# Liquid Soap Help Needed



## Adiach (Aug 14, 2020)

Hi,really  need help on liquid soap making, I have attempted it several times and after I dilute it,my soap solidifies in the bottle . It will trace, turn Apple pudding like then turn chalk white instead of translucent. And when I dilute it solidifies at room temperature.
Shea butter 100g
Palm kernel oil 100g
Olive oil 50g
Coconut oil 50g
Castor oil 50g
KOH 78g
Water 133g
View attachment 48616

View attachment 48616

View attachment 48617


----------



## lsg (Aug 14, 2020)

I use coconut oil, palm oil and Castor oil in my liquid soap recipe.  I also use the glycerin liquid soap method.  You might try that.  Are you cooking your paste or are you using the cold process liquid soap method?


----------



## Adiach (Aug 14, 2020)

lsg said:


> I use coconut oil, palm oil and Castor oil in my liquid soap recipe.  I also use the glycerin liquid soap method.  You might try that.  Are you cooking your paste or are you using the cold process liquid soap method?


Thanks for the reply, am actually cooking the paste,I sometimes cook for 3 hours


----------



## IrishLass (Aug 14, 2020)

Welcome, Adiach! 

The shea butter and the palm kernel oil in your recipe are the two ingredients that are causing your liquid soap to finish out more on the white/opaque side rather than the clear or translucent side (it's because of the high stearic acid content present in those two fats).

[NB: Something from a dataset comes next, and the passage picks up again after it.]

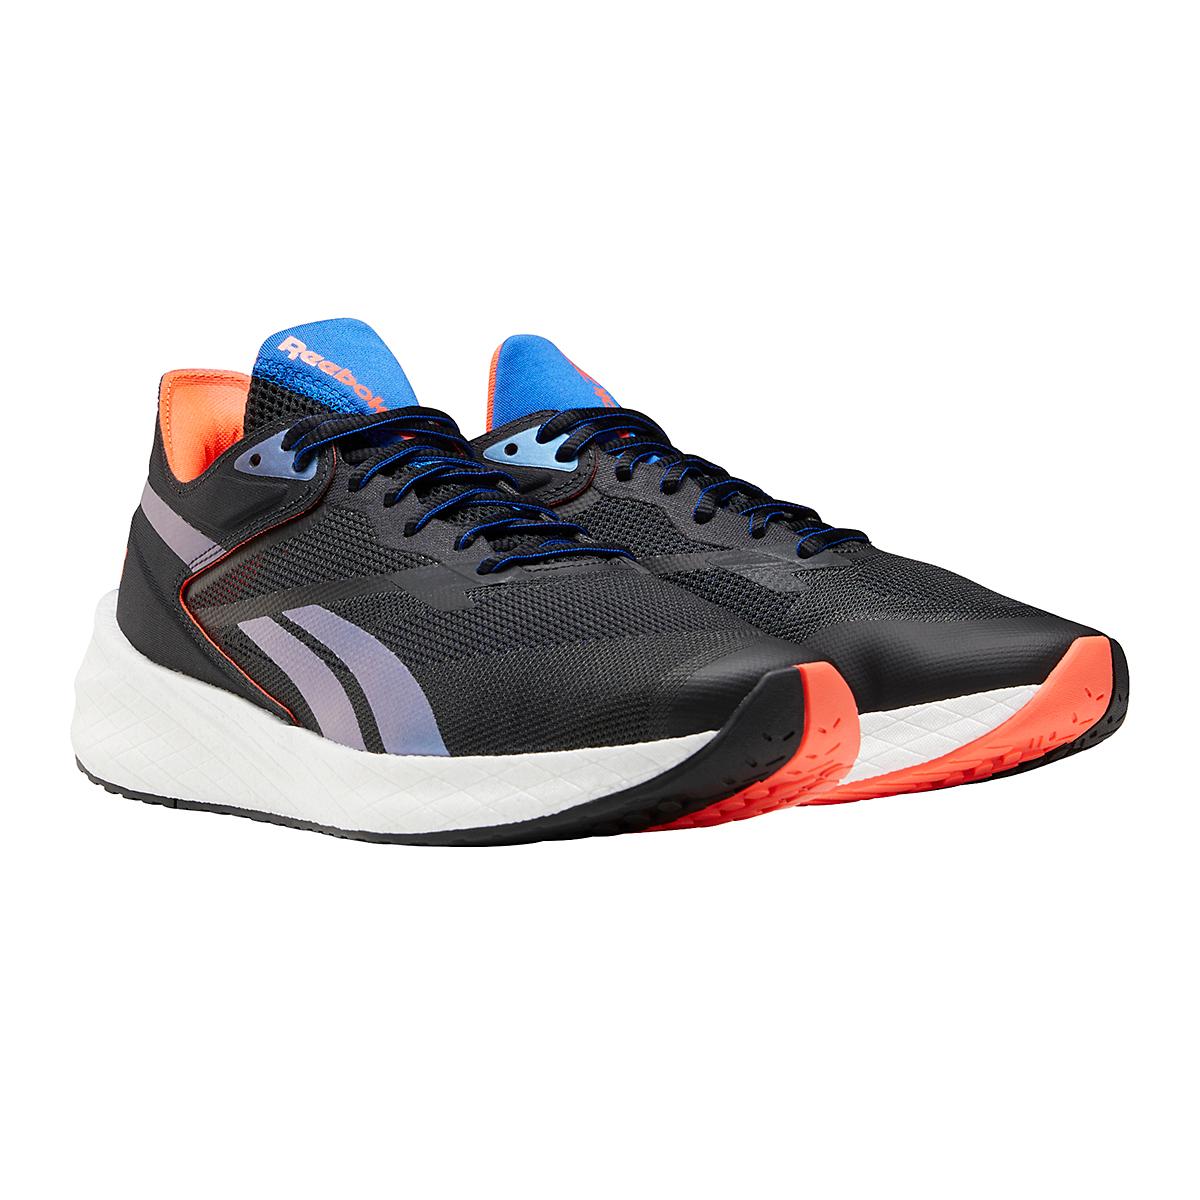 Men's Reebok Floatride Energy Symmetros Running Shoe - Color: Night Black/Court Blue/Orange Flare - Size: 7 - Width: Regular, Night Black/Court Blue/Orange Flare, large, image 4

If you want more of a clear or a translucent liquid soap, you need to use more of the olive, coconut and castor, and less of the shea and palm kernel oil. 

Regarding the soap solidifying at room temp: Using more water when diluting the paste will take care of that problem. When adding more water, add it in small increments at a time until your soap is able to stay liquid at room temp, and then write that amount of water down for next time. 

Also- it could be that adding that extra dilution water will help to make the soap less chalky white.


IrishLass


----------



## Zany_in_CO (Aug 14, 2020)

Check out this thread:
WHAT TO EXPECT FROM VARIOUS OILS IN LS
_*https://www.soapmakingforum.com/threads/what-to-expect-from-various-oils-in-ls.62864/*_

Also, this is a good site to learn the basics of making liquid soap:
_*http://alaiynab.blogspot.com/search/label/tutorial*_


----------



## Susie (Aug 15, 2020)

There is no need to ever cook soap, ever, much less 3 hours.  You will never get clear soap from that recipe.  Lots of us just get a soap to full emulsification and walk away.  No cooking, ever.  I melt my oils until they are clear, mix the KOH and water, put the two mixtures together and stick blend until they stay together.  Put a lid on it, and walk away.  I usually clean up my kitchen, about 20-30 minutes, then it is gelled and I start dilution.  I can do the whole process in 3 hours, including dilution and bottling.


----------



## linne1gi (Aug 16, 2020)

Susie said:


> There is no need to ever cook soap, ever, much less 3 hours.  You will never get clear soap from that recipe.  Lots of us just get a soap to full emulsification and walk away.  No cooking, ever.  I melt my oils until they are clear, mix the KOH and water, put the two mixtures together and stick blend until they stay together.  Put a lid on it, and walk away.  I usually clean up my kitchen, about 20-30 minutes, then it is gelled and I start dilution.  I can do the whole process in 3 hours, including dilution and bottling.


That's exactly how I make liquid soap.  It's called CPLS - there's a FB group on this and it is very helpful.


----------